Agnieszka Szulim lubi angażować się w akcje na rzecz zwierząt. W sierpniu zeszłego roku wzięła udział w sesji zdjęciowej do kalendarza Fundacji Viva!. Dla dobra sprawy sfotografowała się ze świnią - jednym ze zwierząt ze schroniska w Korabiewicach. Nieco wcześniej, razem z Robertem Biedroniem, protestowała pod Sejmem przeciw ubojowi rytualnemu.
Teraz, obok Joanny Krupy, chwali prezydenta Słupska za jego sprzeciw wobec wpuszczeniu do miasta cyrku.
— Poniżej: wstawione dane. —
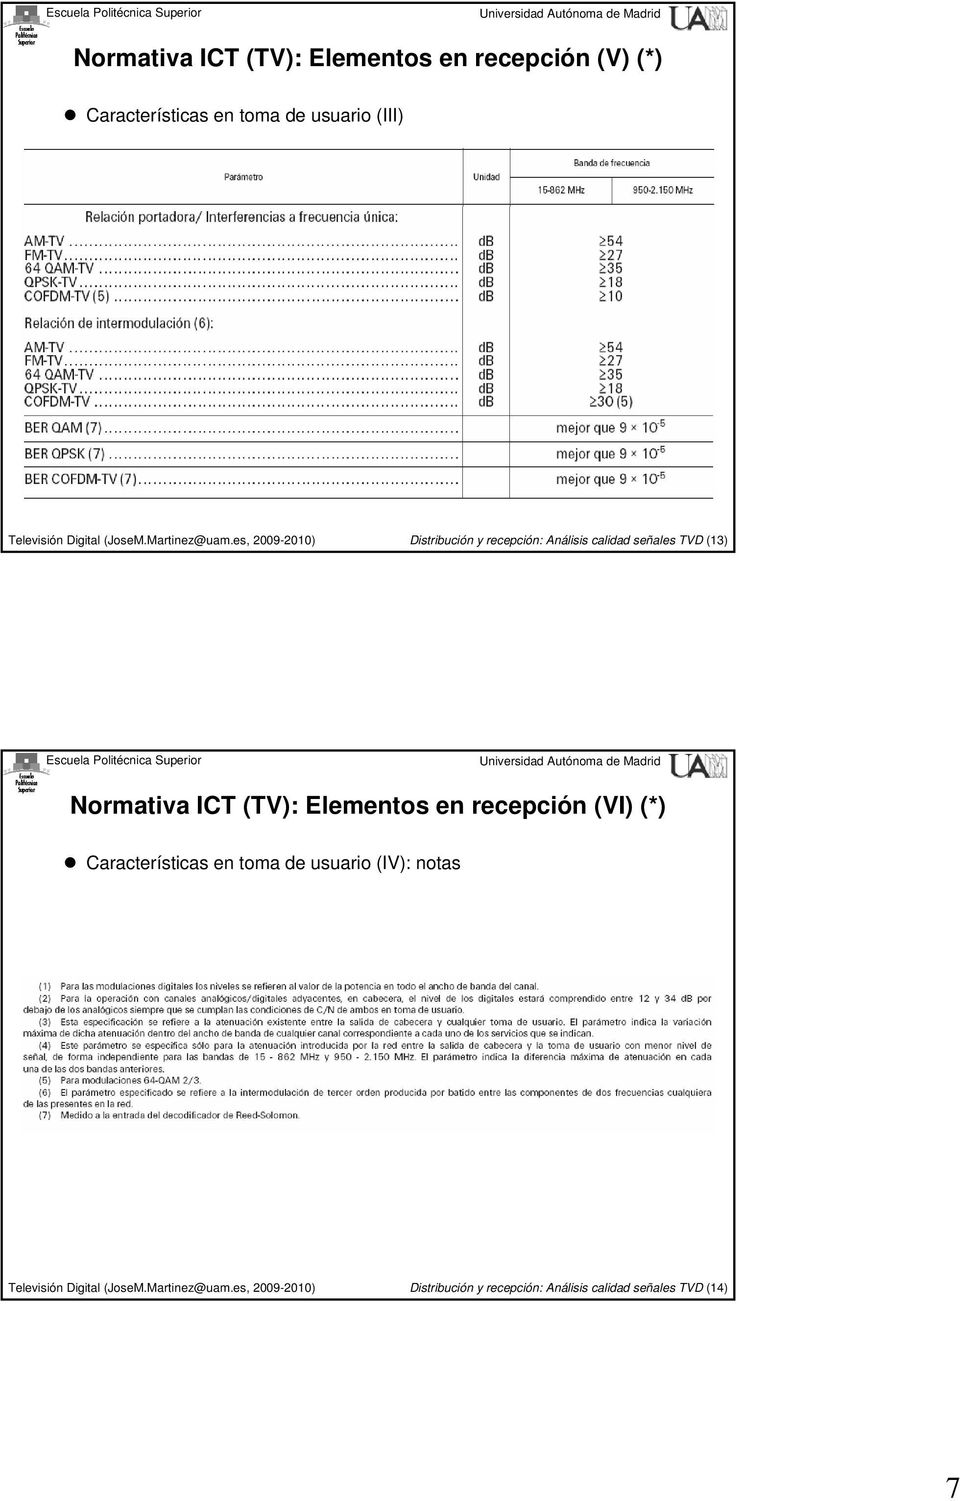 Normativa ICT (TV): Elementos en recepción (VI) (*) Características en toma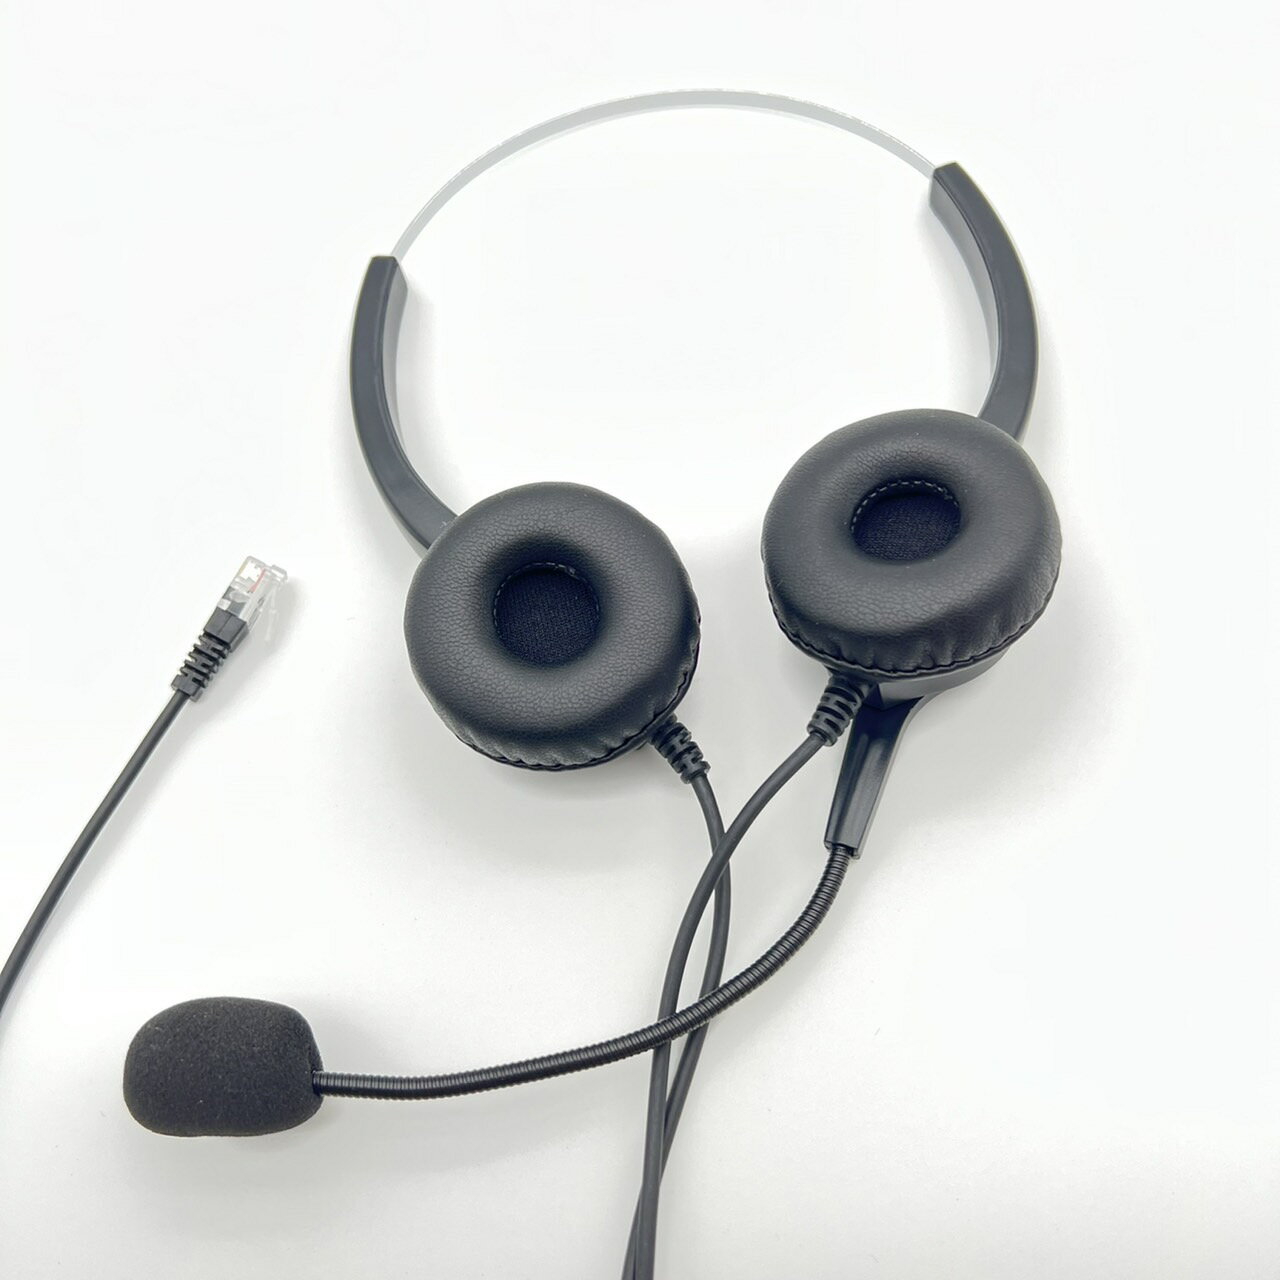 消除噪音 降噪抗噪耳麥 雙耳耳機麥克風 東訊電話專用

- Podoba mi się to, że Robert Biedroń nie wpuścił do Słupska cyrku. Biję mu za to wielkie brawo. Cieszę się, że ta świadomość ludzka się poszerza. Rodzice ciągnąc te dzieci do cyrku nie zdają sobie sprawy, że to nie jest fajne miejsce dla zwierząt. Cyrk bez zwierząt też istnieje i myślę, że jest fajniejszy - mówi Szulim. Lubię Roberta Biedronia. On jest autentycznie zaangażowany w te pro zwierzęce sprawy, bo pamiętam, jak dwa razy manifestowaliśmy pod Sejmem przeciwko ustawie o uboju rytualnym, to Robert Biedroń zawsze był i cieszę się, że też w praktyce robi to, co robi w swoim mieście.